WORK INSTRUCTIONS: Your answer must be the listing repeated word for word, without its pictures.

** MATERIAL PROVIDED follows **

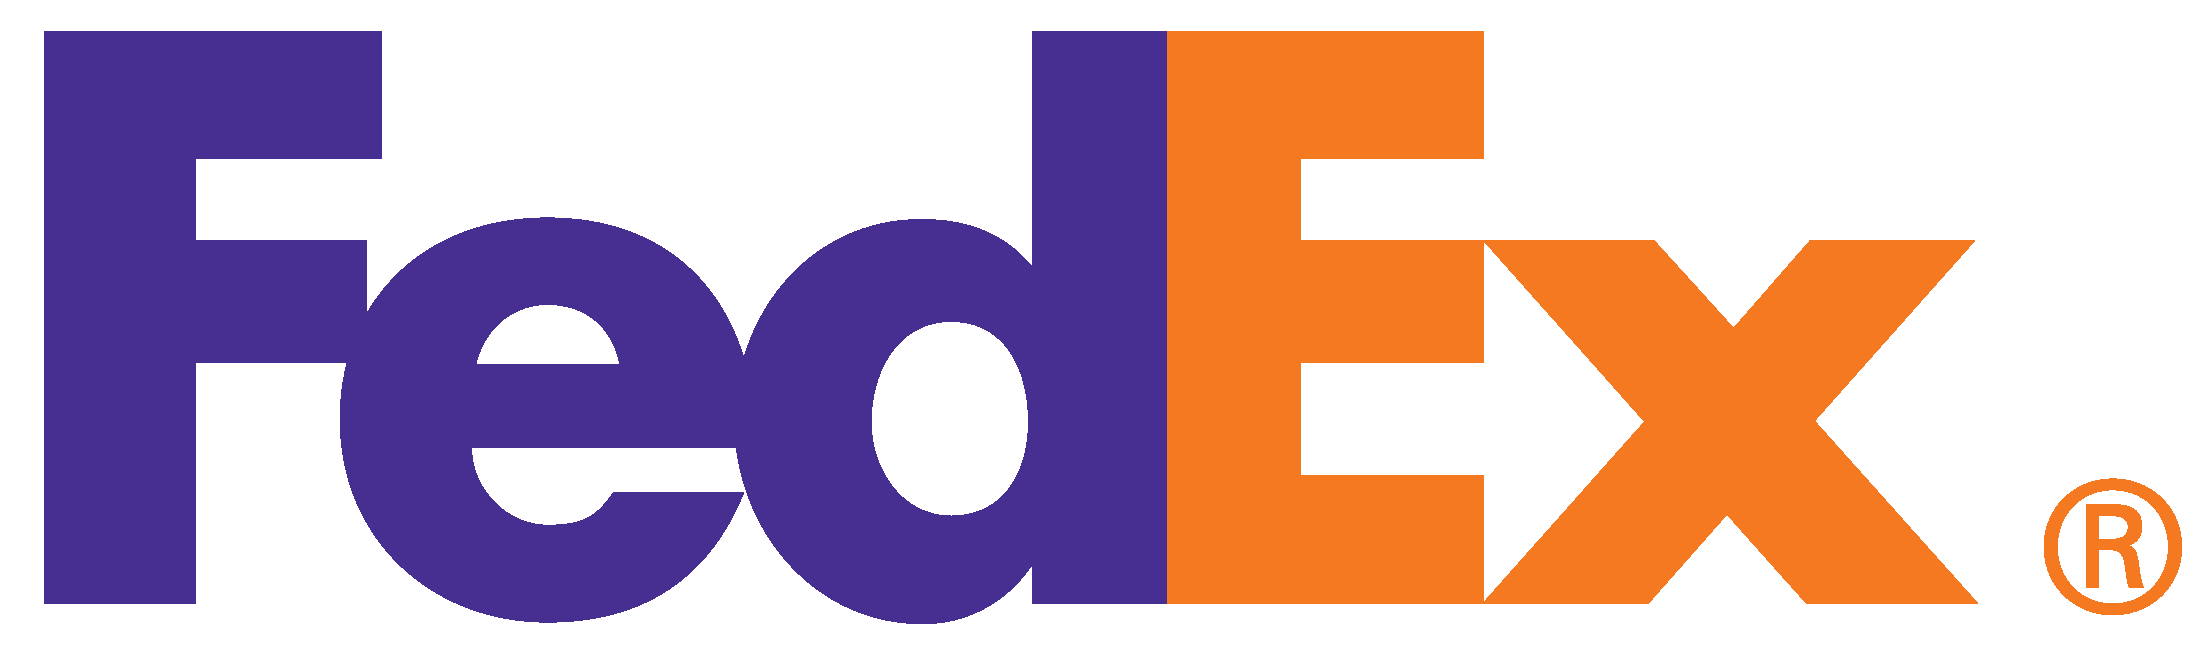 Fedex.png - Fedex Office, Transparent background PNG HD thumbnail
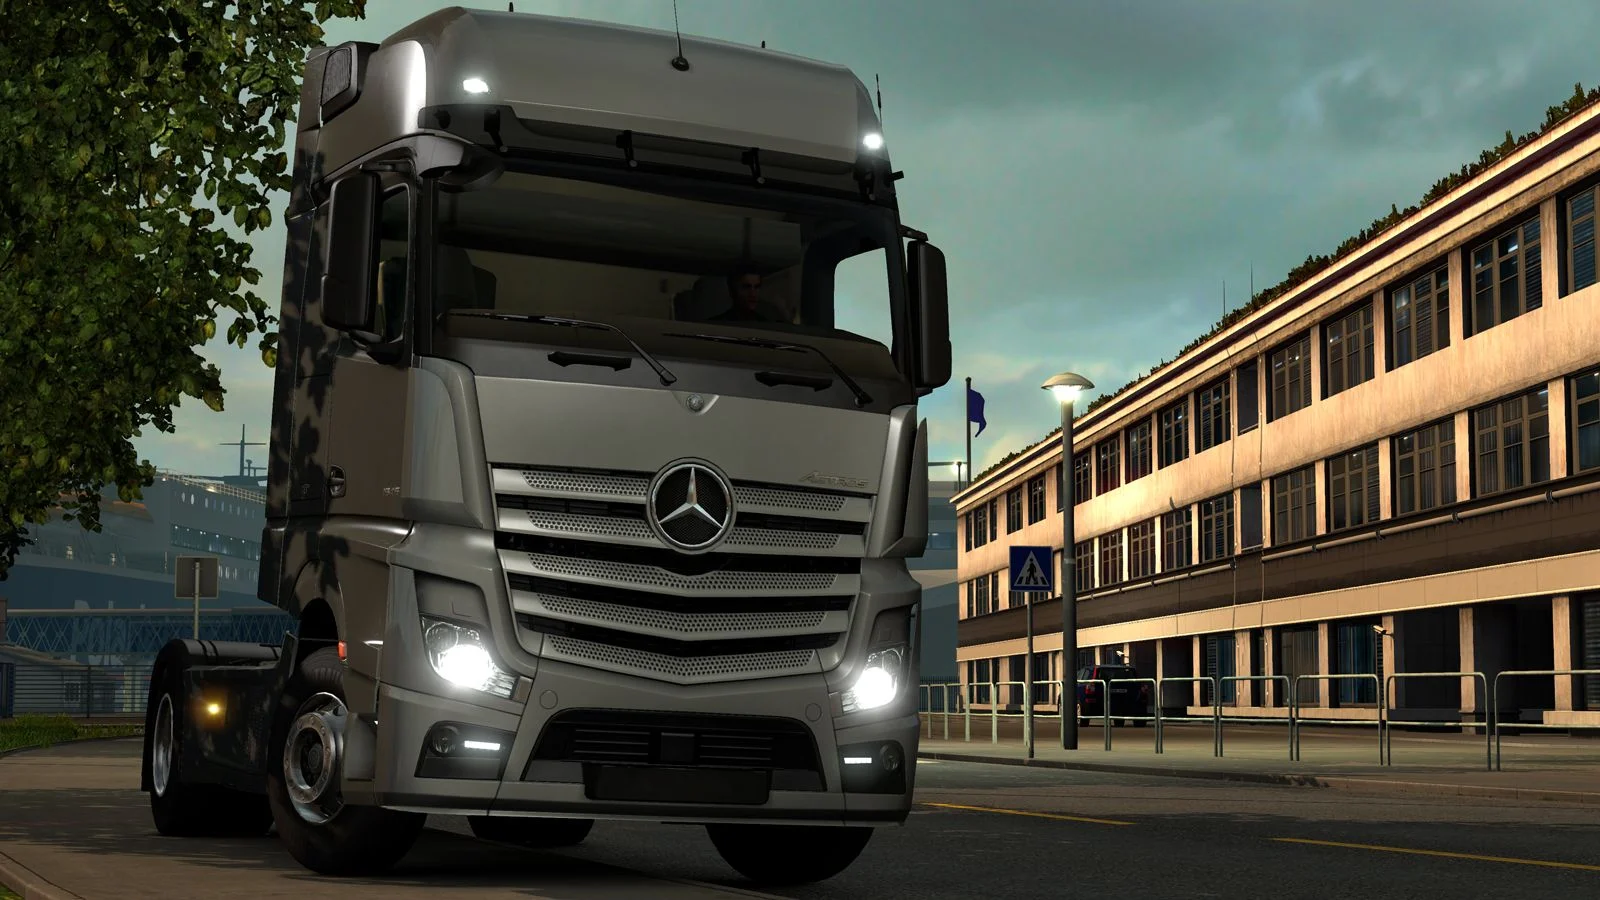 Euro Truck Simulator 2 will receive new system requirements
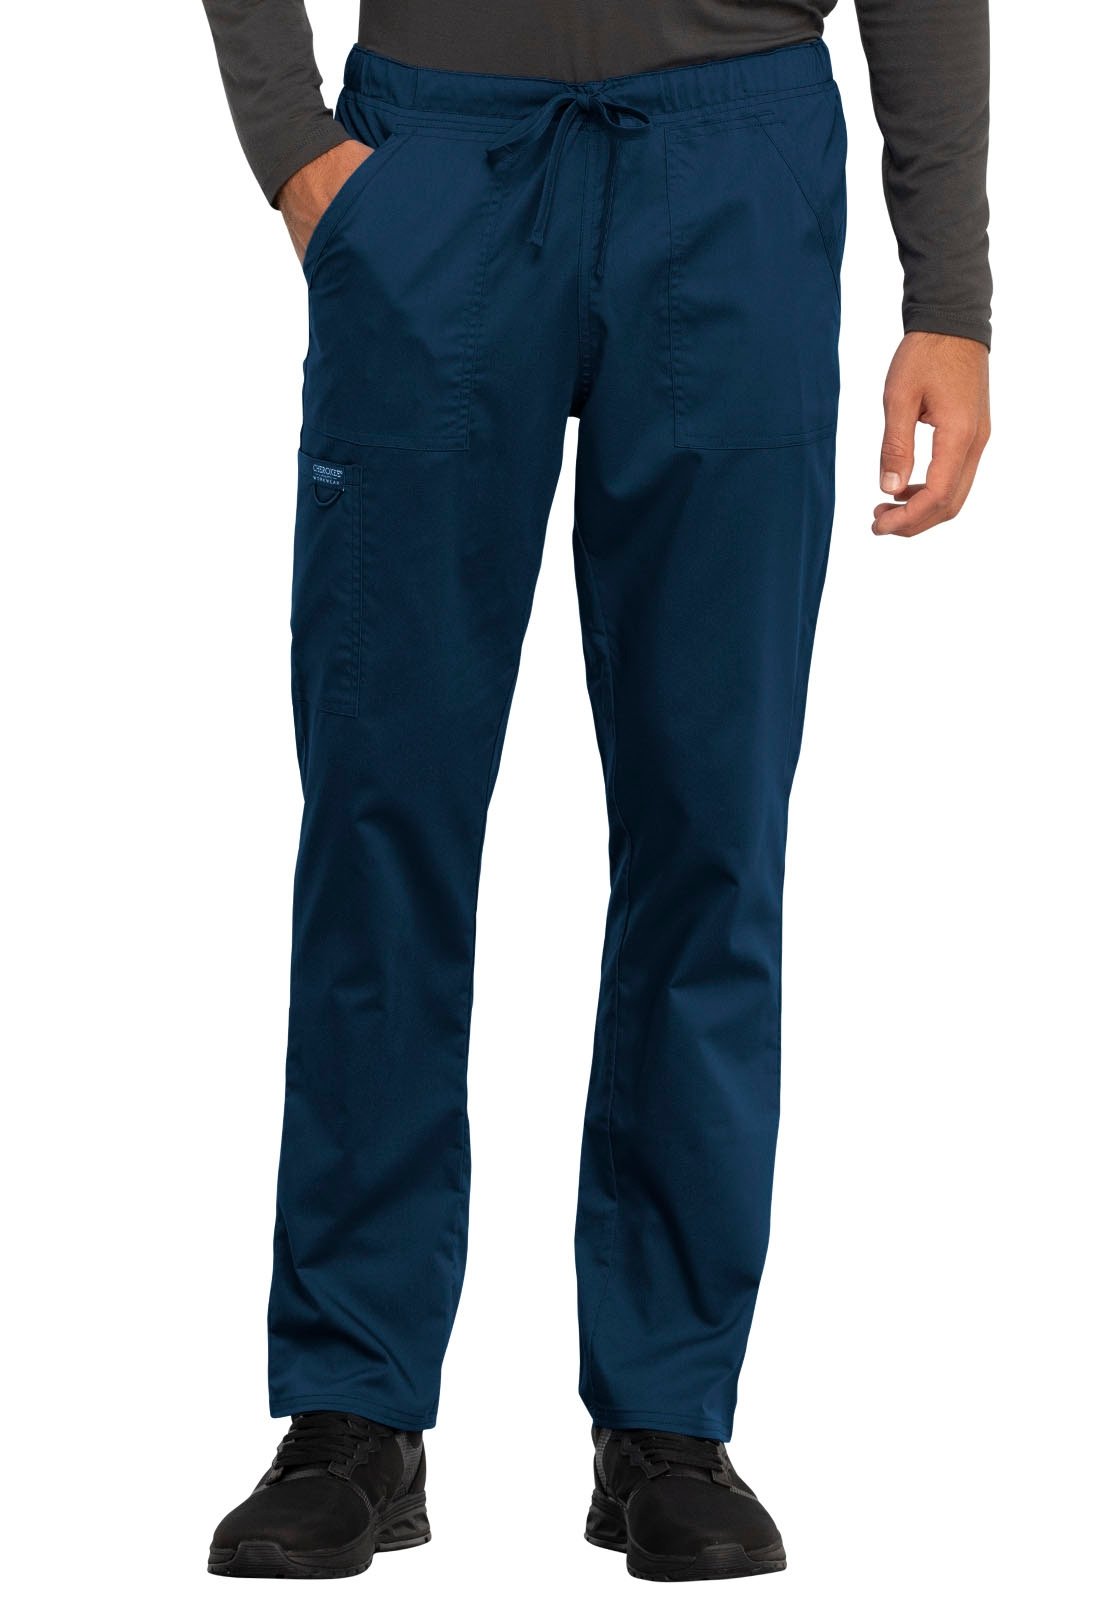 https://medicalscrubscollection.com/content/images/thumbs/0681913_cherokee-workwear-revolution-unisex-tapered-leg-drawstring-scrub-pants-ww020.jpeg

** End of MATERIAL PROVIDED **

WRITTEN RESPONSE:
 Fedex.png - Fedex Office, Transparent background PNG HD thumbnail
 Euro Truck Simulator 2 will receive new system requirements
 https://medicalscrubscollection.com/content/images/thumbs/0681913_cherokee-workwear-revolution-unisex-tapered-leg-drawstring-scrub-pants-ww020.jpeg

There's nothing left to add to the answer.